Finished Product Verification: Non-destructive Testing + Metallographic Analysis
Non-destructive Testing (NDT): X-ray RT and ultrasonic testing (UT) are used to detect internal pores in castings. For critical components subjected to high pressure (such as automotive transmission housings), the internal pore diameter must be ≤0.5mm and the number of pores must be ≤1 per square centimeter. Penetrant testing (PT) is used to inspect the casting surface for pinholes to ensure that there are no visible pores.

Metallographic Analysis: Randomly sample finished castings, prepare metallographic specimens, and observe the pore distribution in the microstructure under a microscope. High-quality castings should have a microporosity of ≤1% and no concentrated porosity, ensuring that mechanical properties (such as tensile strength and elongation) meet international standards (e.g., ASTM B179 and EN 1706).

IV. Value Realization: How Does Gas Control Help Companies Win International Orders?

For export-oriented die-casting companies, precise gas control not only improves product quality but also directly translates into market competitiveness, attracting the attention and inquiries of international professional buyers (such as automotive parts manufacturers, medical device companies, and aerospace suppliers).

Reducing costs and improving delivery capabilities: By reducing the scrap rate caused by porosity (from 15% to below 5%), rework costs and the risk of delivery delays are reduced, meeting the core requirements of international buyers for "on-time delivery and zero defects."

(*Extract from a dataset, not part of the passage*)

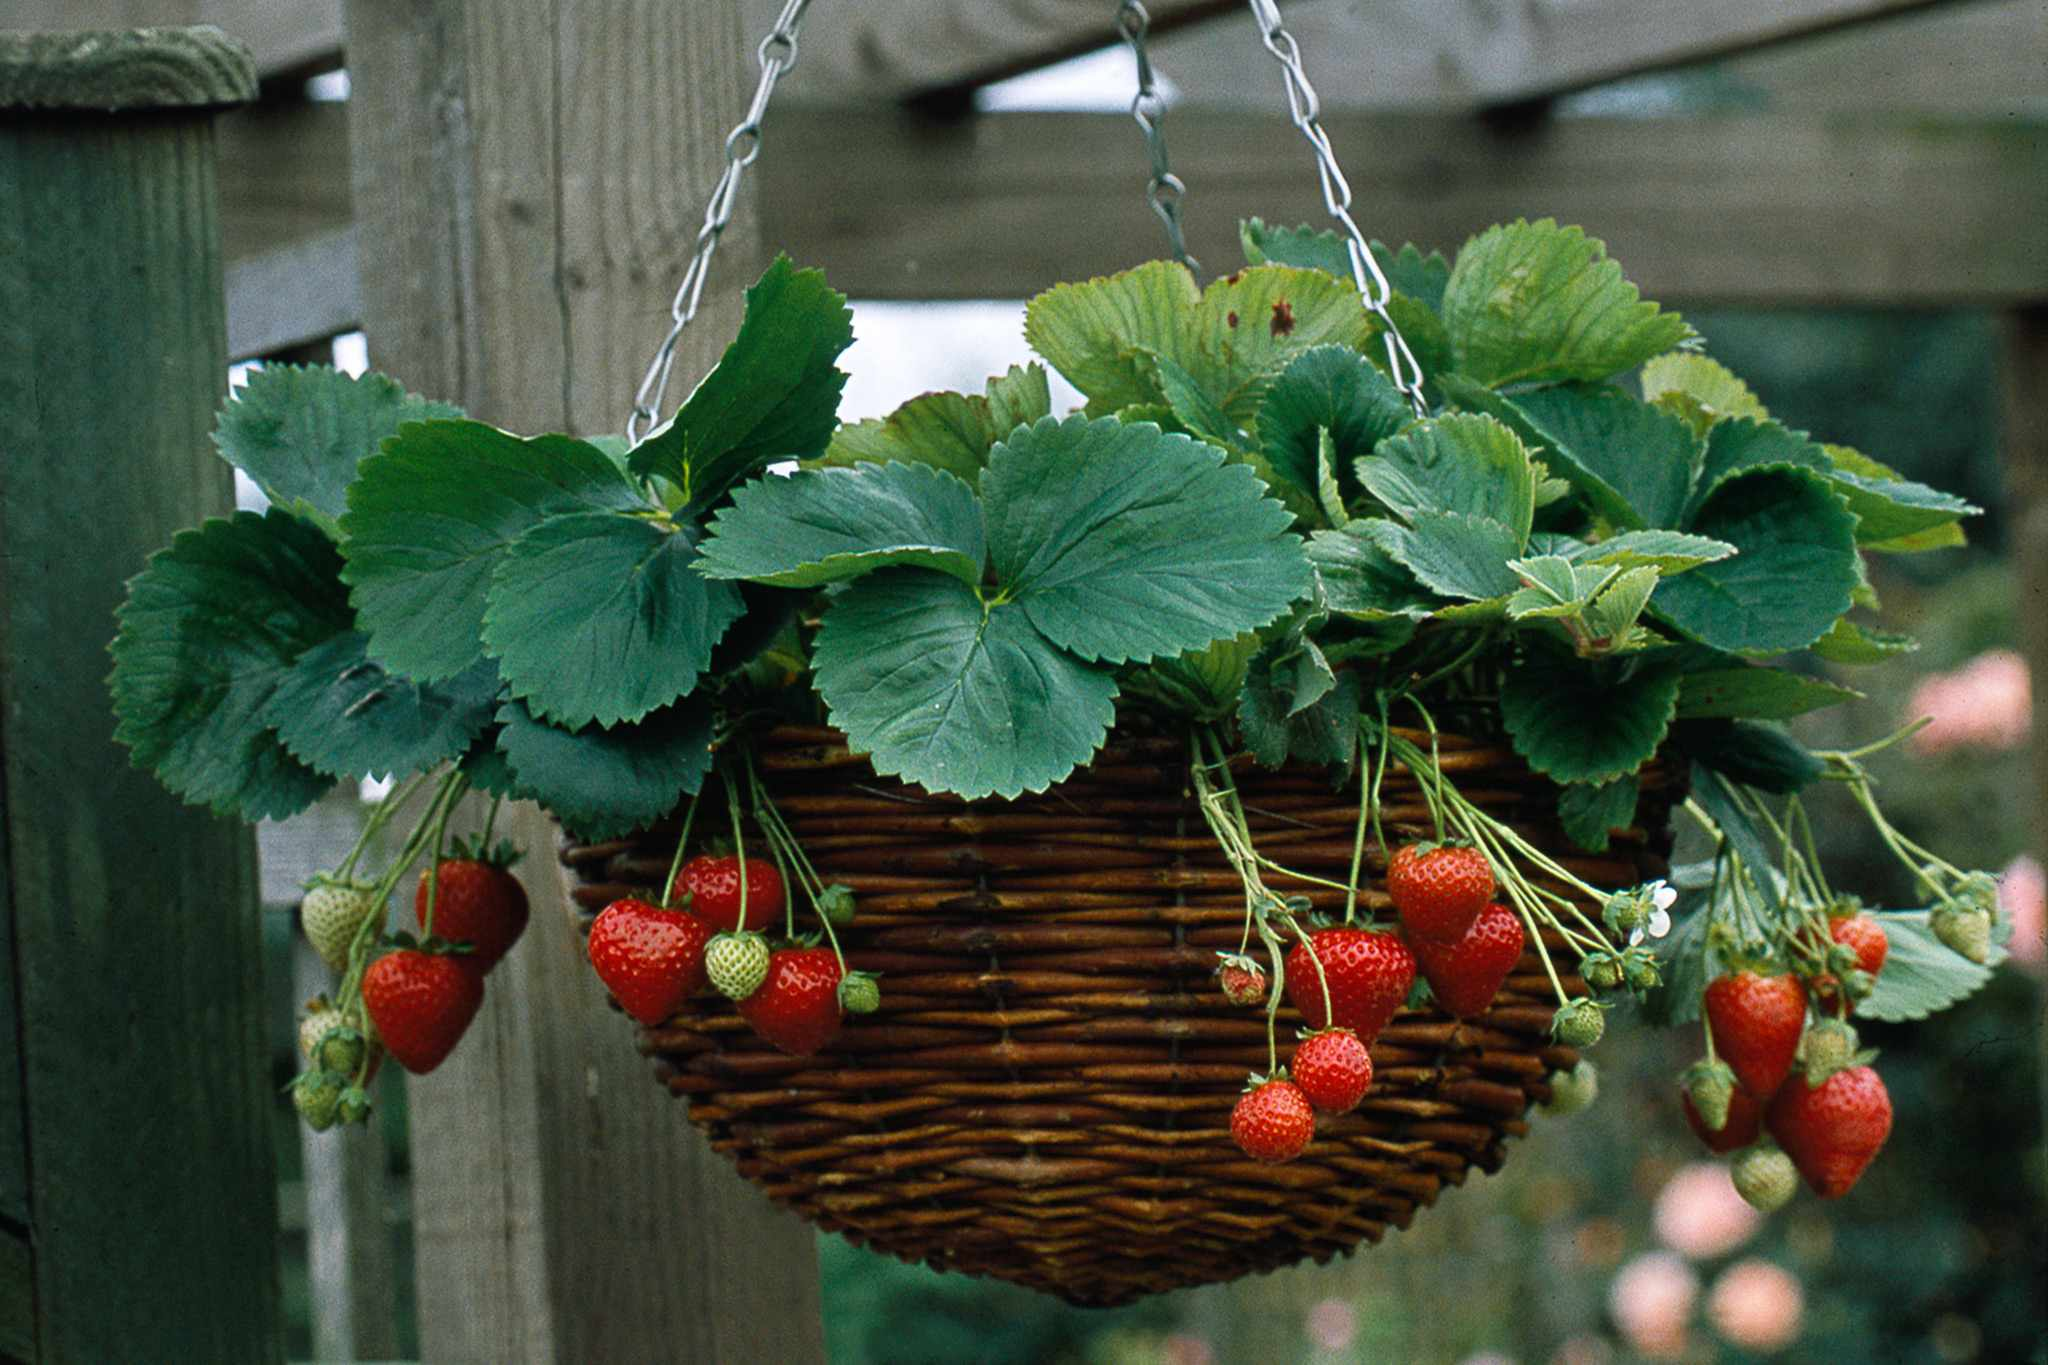 Strawberry hanging basket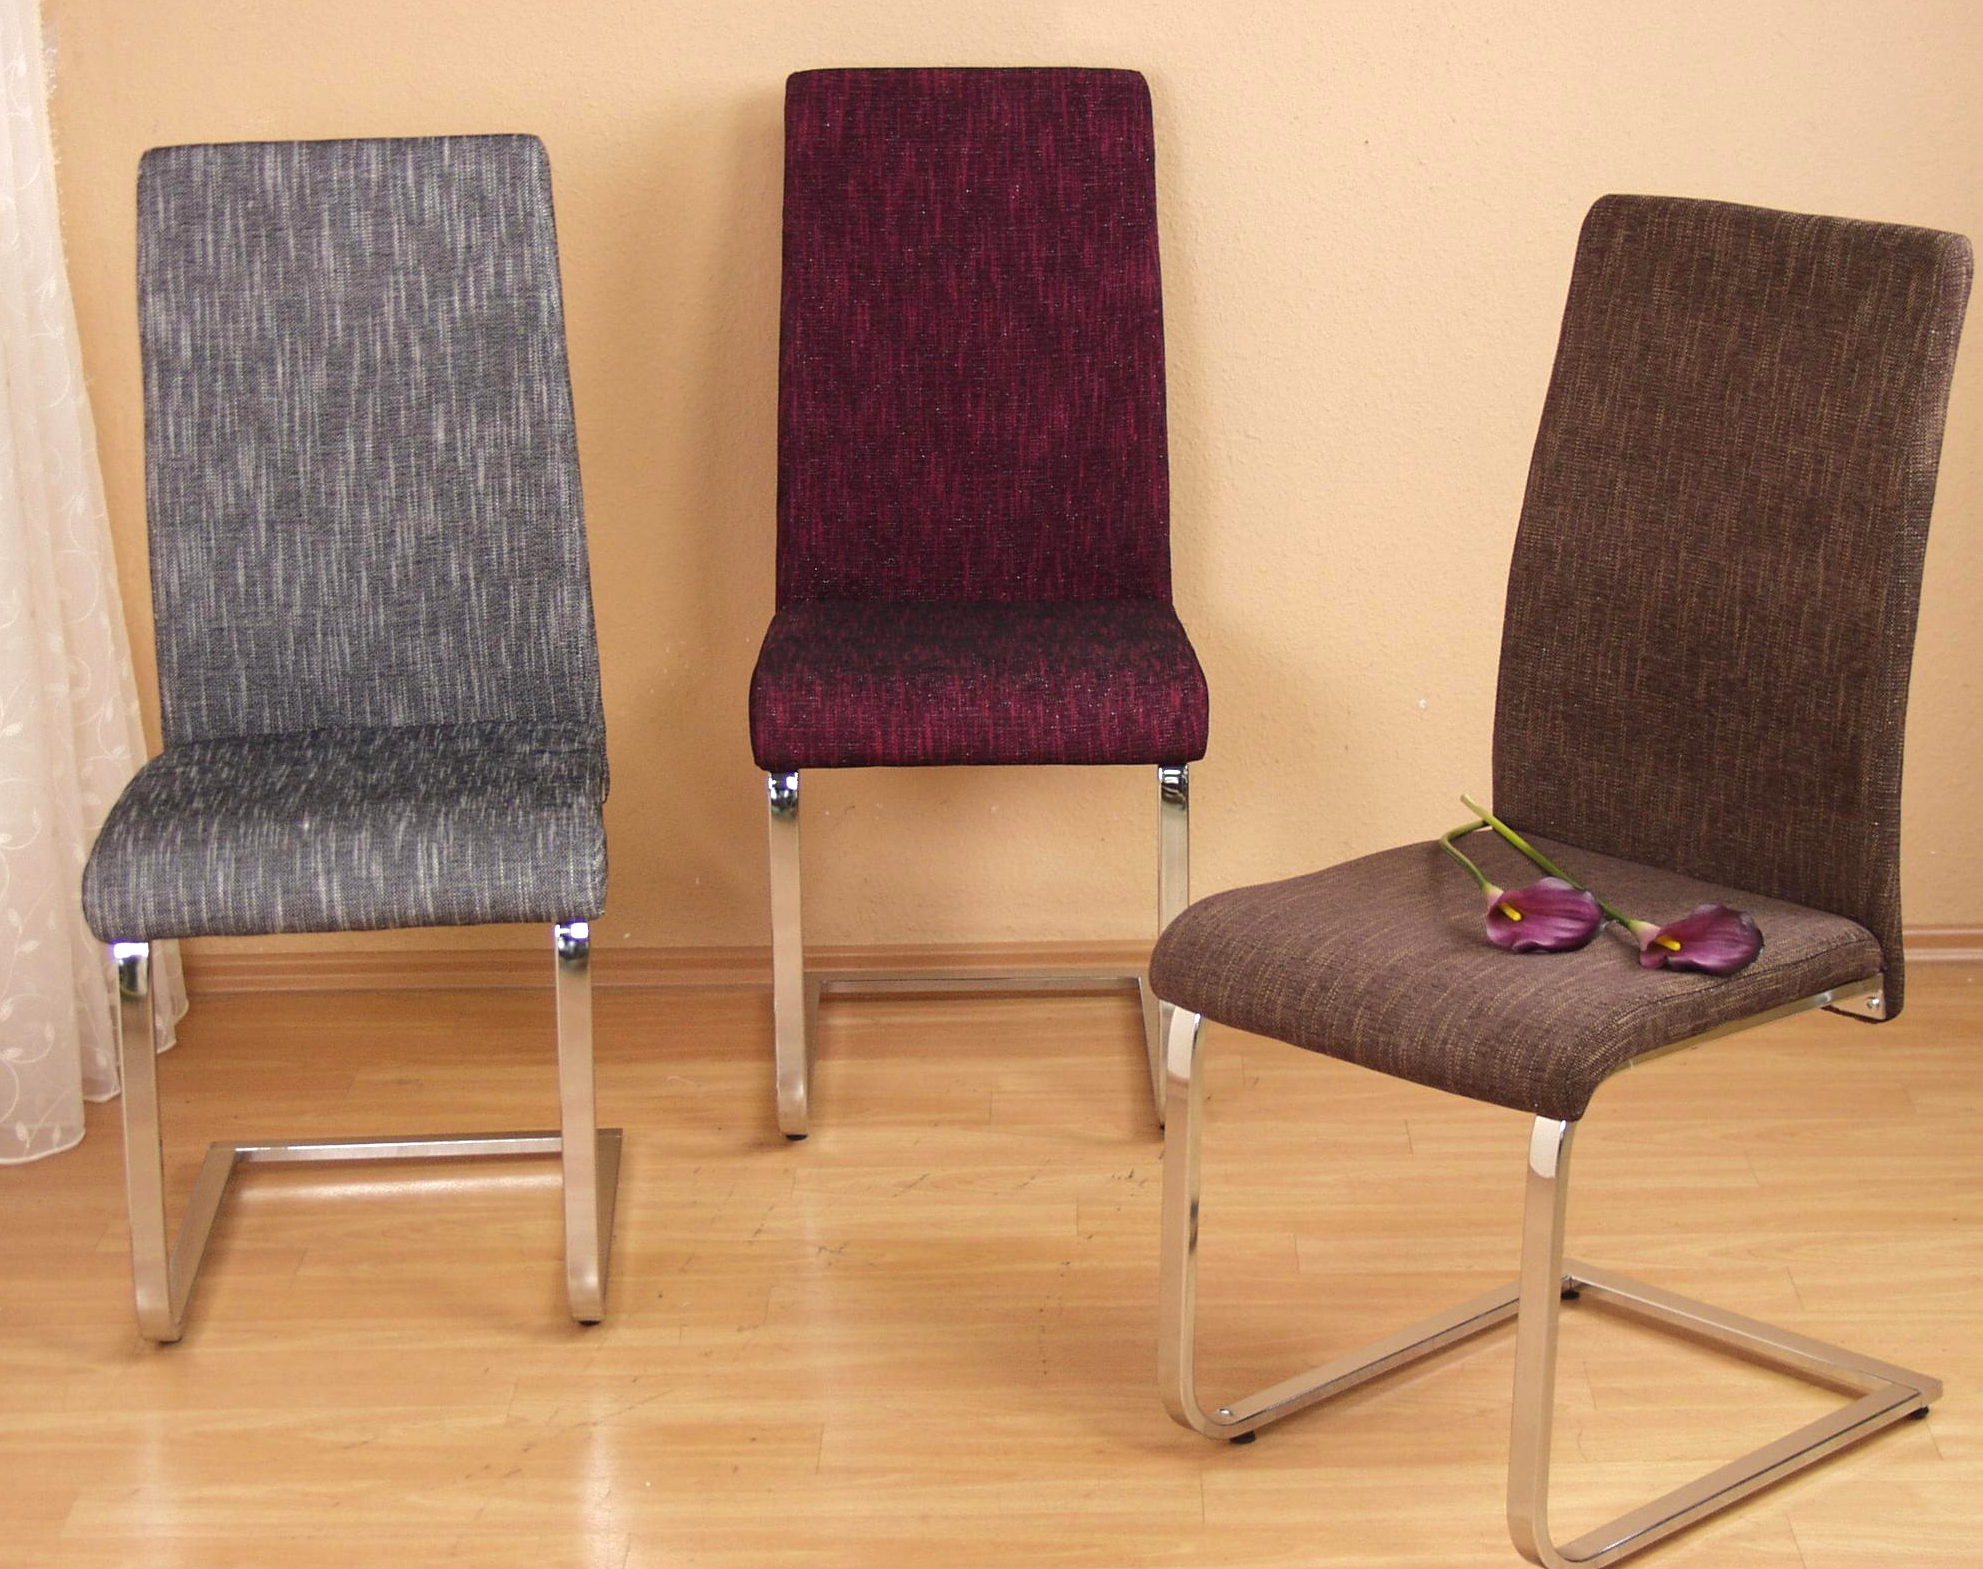 2 x stuhl st hle esszimmerst hle schwingstuhl webstoff. Black Bedroom Furniture Sets. Home Design Ideas

Breaking through technical barriers and entering the high-end market: Buyers in Europe, the United States, Japan, and South Korea have stringent requirements for the porosity of castings (for example, German automakers require a 100% pass rate for X-ray inspection). Companies that master core gas control technologies can overcome these technical barriers and enter the high-end supply chain.
Building trust and fostering long-term partnerships: Providing buyers with a "liquid aluminum hydrogen content test report + finished product non-destructive testing report" verifies product quality, strengthens buyer trust, and lays the foundation for subsequent volume orders and long-term partnerships.